OK, now I am on the Tam Valley site:NOTHING ABOUT BlueRailDCC on the home page... what the fudge? Surely it would be listed on the products. NOPE, nowhere... so if it is advertised as BlueRailDCC by Tam Valley why the heck is it not on the home page of Tam Valley? Now I'm REALLY determined to figure this out. There is NO search tab on the Tam Valley site, so using Google to search the Tam Valley site, I found this page: The story went on, but it made me crazy.

Recently, there is a new site:  OK!!! Thank You! Much better and less confusing.

(By the way, there is a related product from Tam Valley, which started the whole "deadrail" thing, of DCC over the air:, which basically took the DCC signal from the rails of any "real" DCC system, and puts over 900 MHz.)

How the system works:

The BlueRail unit has:

    • Bluetooth transceiver for communication with the phone app
    • motor driver circuitry
    • lighting outputs
    • DCC output to optionally drive a DCC decoder

A neat idea, but not really as cost effective as it seems if you are going to use a DCC decoder in the end, more later. The list price for the 5 amp unit is $160.

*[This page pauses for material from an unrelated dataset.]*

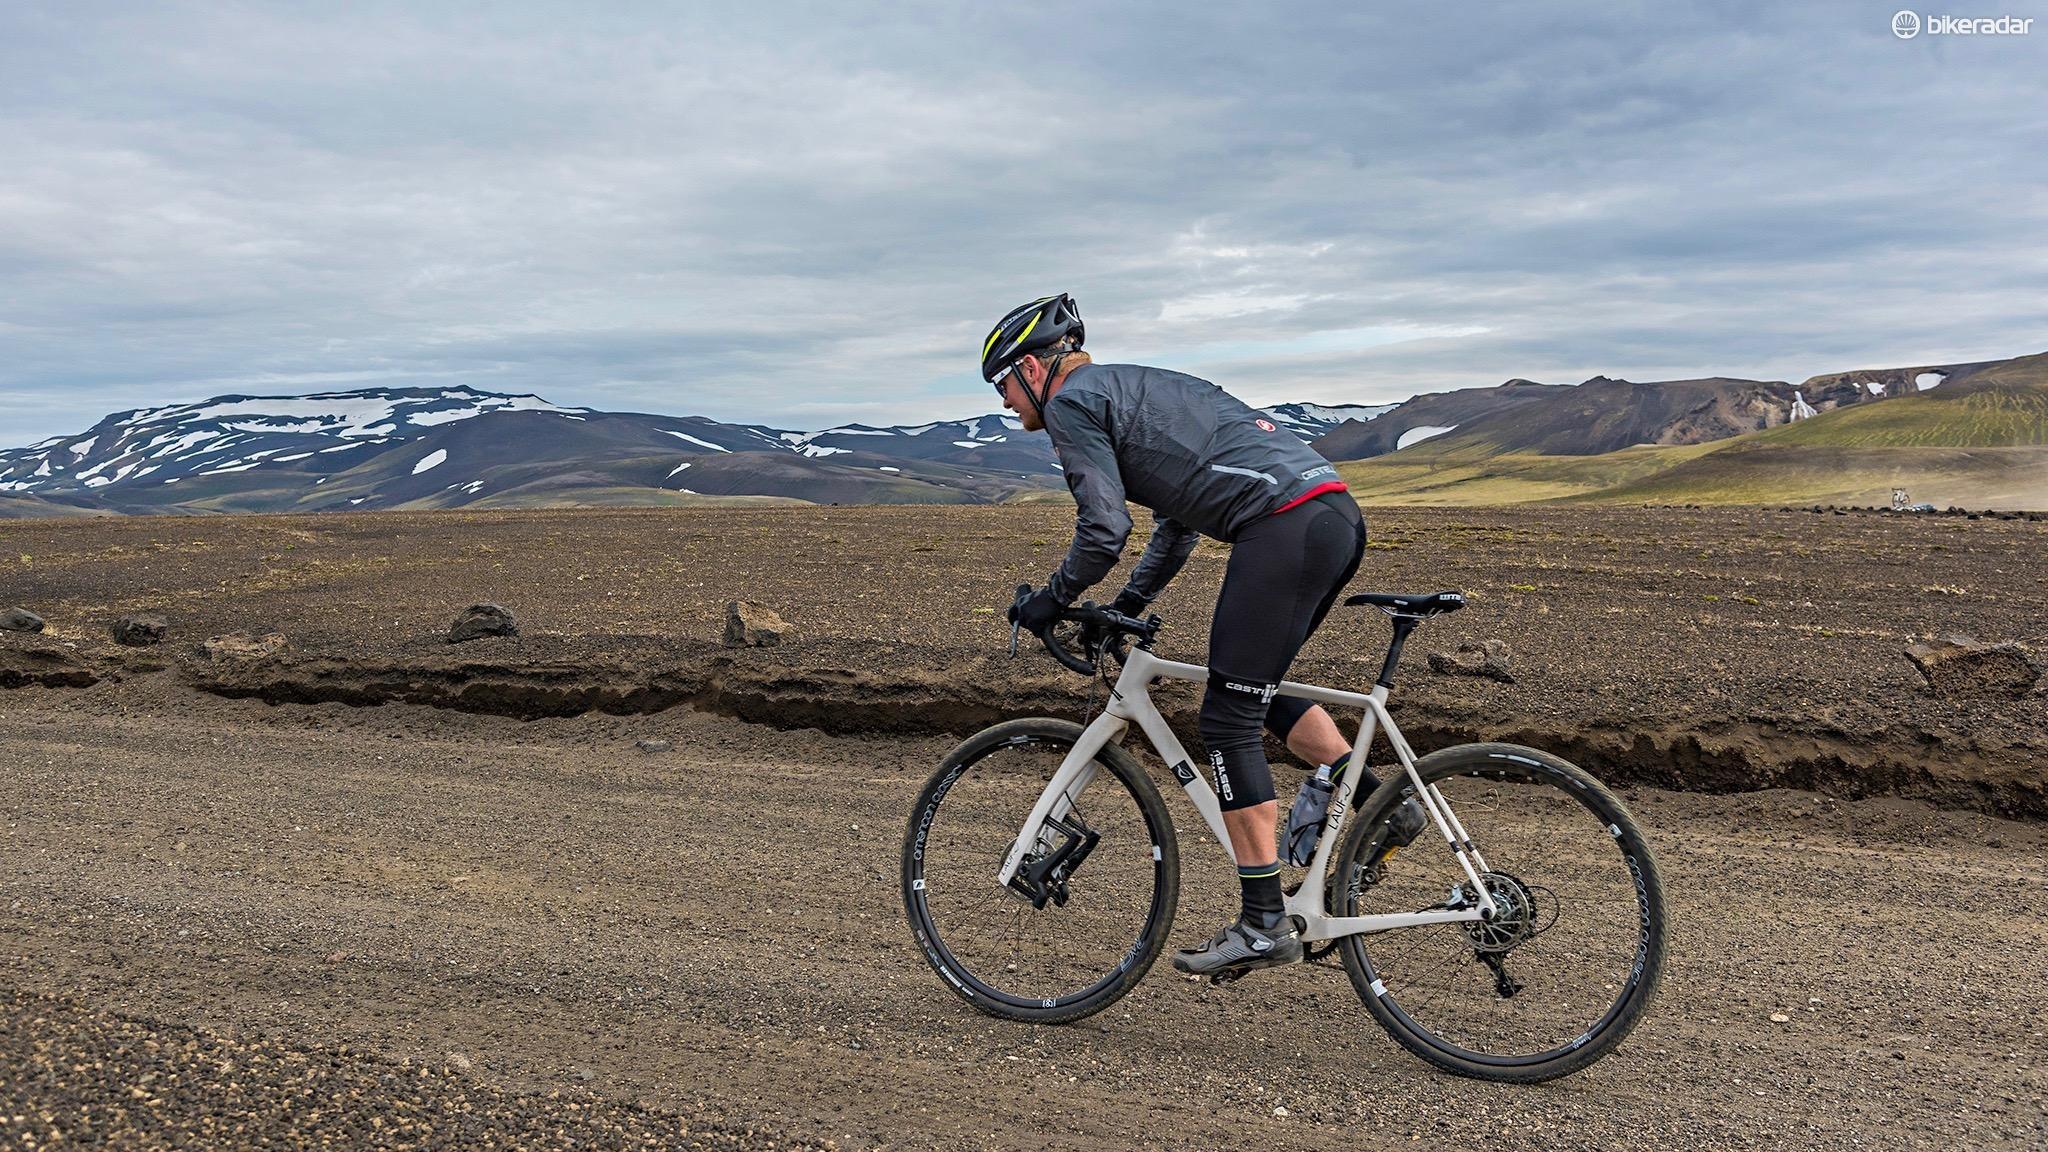 The True Grit is an excellent gravel race bike
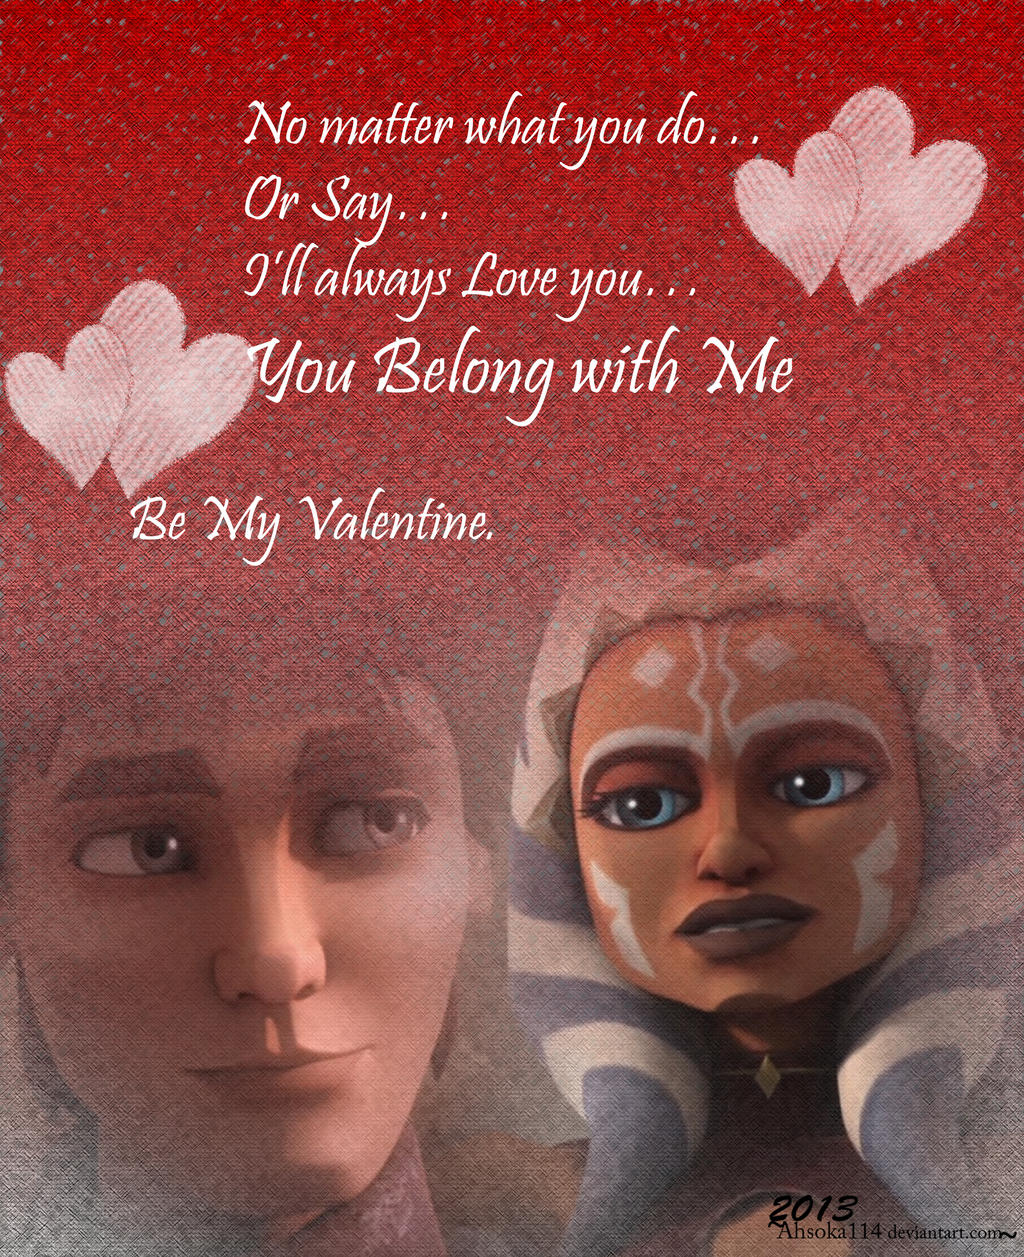 You Belong with Me-LuxSoka Valentine by Ahsoka114

The app sends commands to the receiver/decoder, and because it is Bluetooth, while limited in range somewhat, the bidirectional communication is very helpful in giving feedback.

There are some nice features that are helpful on wireless, like behavior of the loco when you disconnect, and also an auto connect option, to connect to a loco automatically when in range.

There is a consisting function, which has more than average features, letting you specify lead, mid, rear locos, and facing forwards and reverse. There is also a speed matching button that allows speed matching locos at low, medium and high speeds.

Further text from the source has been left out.